4.1.9. 2-MeS–adenosine-5′-O-(α-boranotriphosphate)-β,γ-CH2 (4B isomer) – characterization

Retention time on a semi-preparative column: 5.57 min. 1H NMR (D2O; 600 MHz): δ 8.29 (s; H-8; 1H), 6.99 (m; H-1′; 1H), (H2′ signal is hidden by the water signal at 4.78 ppm), 4.47 (m; H-3′; 1H), 4.27 (m; H-4′; 1H), 4.15 (m; H-5′; 1H), 4.08 (m; H-5′′; 1H), 2.49 (s; CH3; 3H) 2.18 (t; J = 19.20 Hz; CH2; 2H), 0.32 (m; BH3; 3H) ppm. 31P NMR (D2O; 81 MHz): δ 84.13 (m; Pα-BH3), 14.85 (s; Pγ), 10.04 (br s; Pβ) ppm. MS–ESI m/z: 548 (M). TLC (NH4OH:H2O:isopropanol 2:8:11), Rf = 0.44. Retention time: 2.12 min (94% purity) using a gradient of (A) 100 mM TEAA, pH 7:(B) CH3CN from 70:30 to 40:60 A:B over 10 min at a flow rate of 1 mL/min. Retention time: 1.38 min (100% purity) using Solvent System II with a gradient from 50:50 to 40:60 A:B over 10 min at a flow rate of 1 mL/min.
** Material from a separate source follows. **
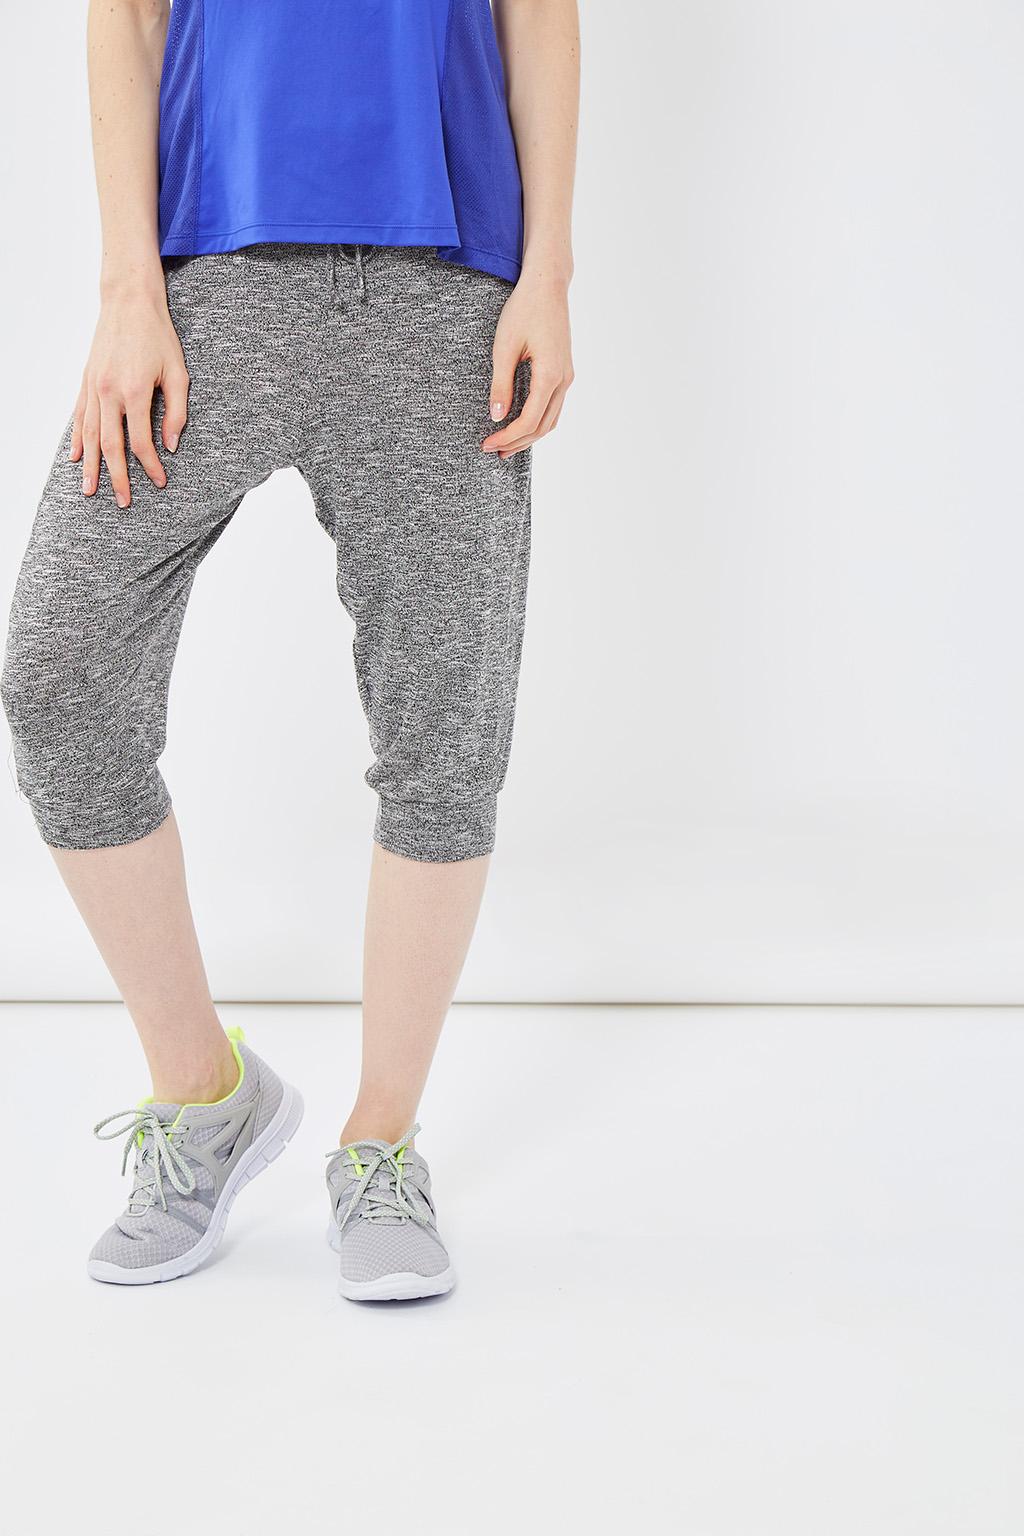 Vente privée femme Oysho lingerie, homewear et sport, sarouel de sport gris chiné

4.2. Evaluation of the chemical stability of adenosine-5′-O-(α-boranotriphosphate)-γ,γ-CH2analogues (3 or 4) – a typical procedure

Analogue 3 (1.6 mg) was dissolved in 0.2 M HCl/KCl buffer (0.4 mL), and the final pH was adjusted to 1.4 by adding 0.2 M HCl (15 μL). The solution was kept in an oil bath at 37 °C and its composition was analyzed by HPLC–MS, using a Gemini analytic column (5u C-18 110A; 150 × 4.60 mm) and gradient elution with Solvent System I at 89:11 A:B for 15 min and then 82:18 to 74:26 A:B over 20 min at a flow rate of 1 mL/min. Samples were taken at 7–17 h intervals for 5 days. The hydrolysis rate of 3 was determined by measuring the change in the integration of the HPLC peaks of the degradation products, 15, 16, 17, with time.
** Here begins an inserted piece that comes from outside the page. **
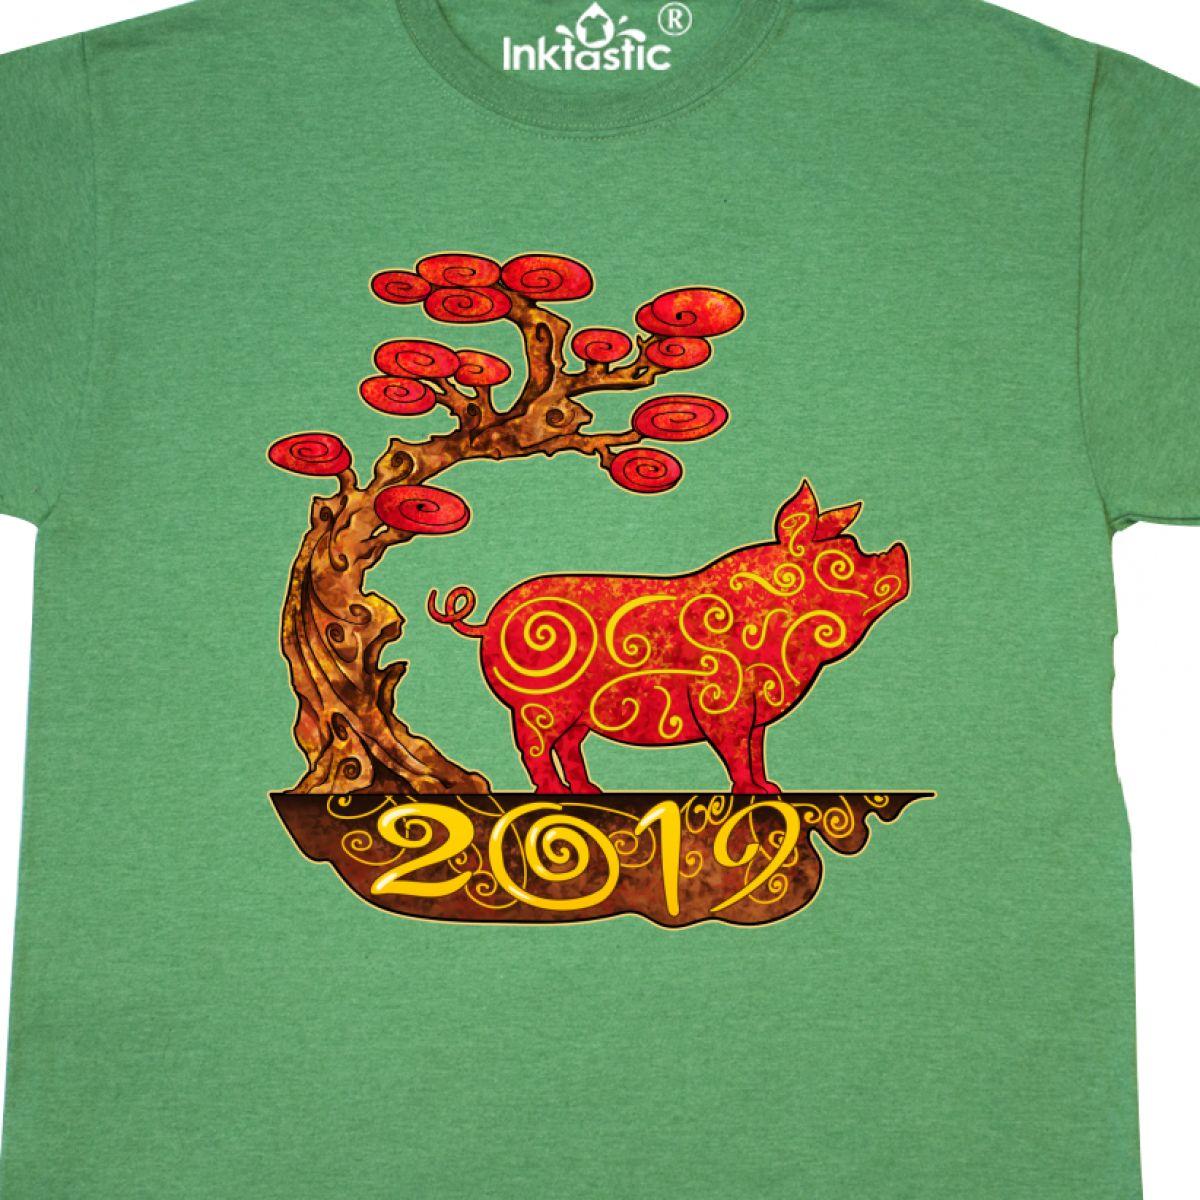 Inktastic-2019-Year-Of-The-Pig-T-Shirt-Years-Chinese-Zodiac-Symbol-Animal-Fun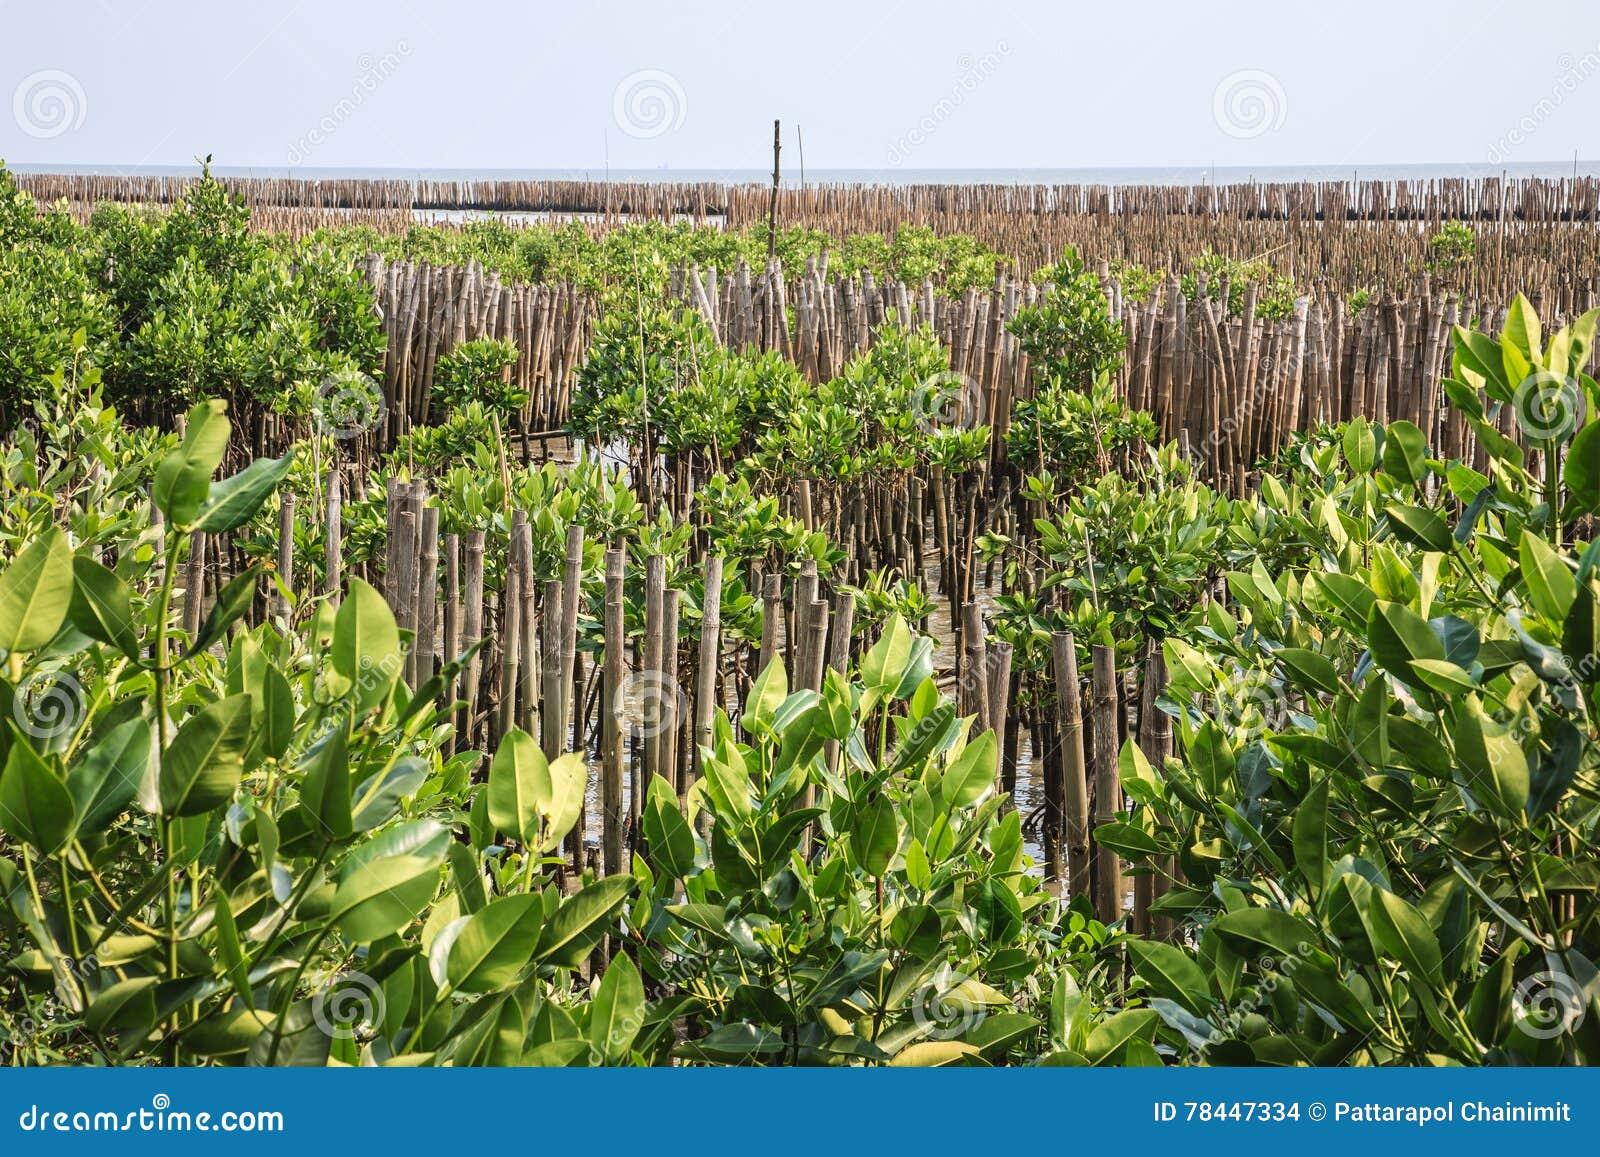 Bamboo Fence Protect Sandbank From Sea Wave Stock Photo - Image of

4.3. Evaluation of the chemical stability of 2-MeS–adenosine-5′triphosphate-β,γ-CH2 (2) by 31P NMR

Compound 2 (1.5 mg) was dissolved in 0.2 M HCl/KCl (0.35 mL) and D2O (40 μL). The final pH was adjusted to 1.4 by adding 0.2 M HCl (20 μL). The solution was kept in an oil bath at 37 °C. Spectra were recorded at ca. 24 h time intervals for 12 days. The number of scans in every experiment was 500. The percentage of phosphate ester hydrolysis is based on integration of the Pα signal of 2-MeS–ATP-β,γ-CH2 ( 10.5 ppm) and Pα of the hydrolysis product 2-MeS–AMP, 14, (0.7 ppm). The hydrolysis rate was determined by measuring the change in the integration of the respective NMR signals with time.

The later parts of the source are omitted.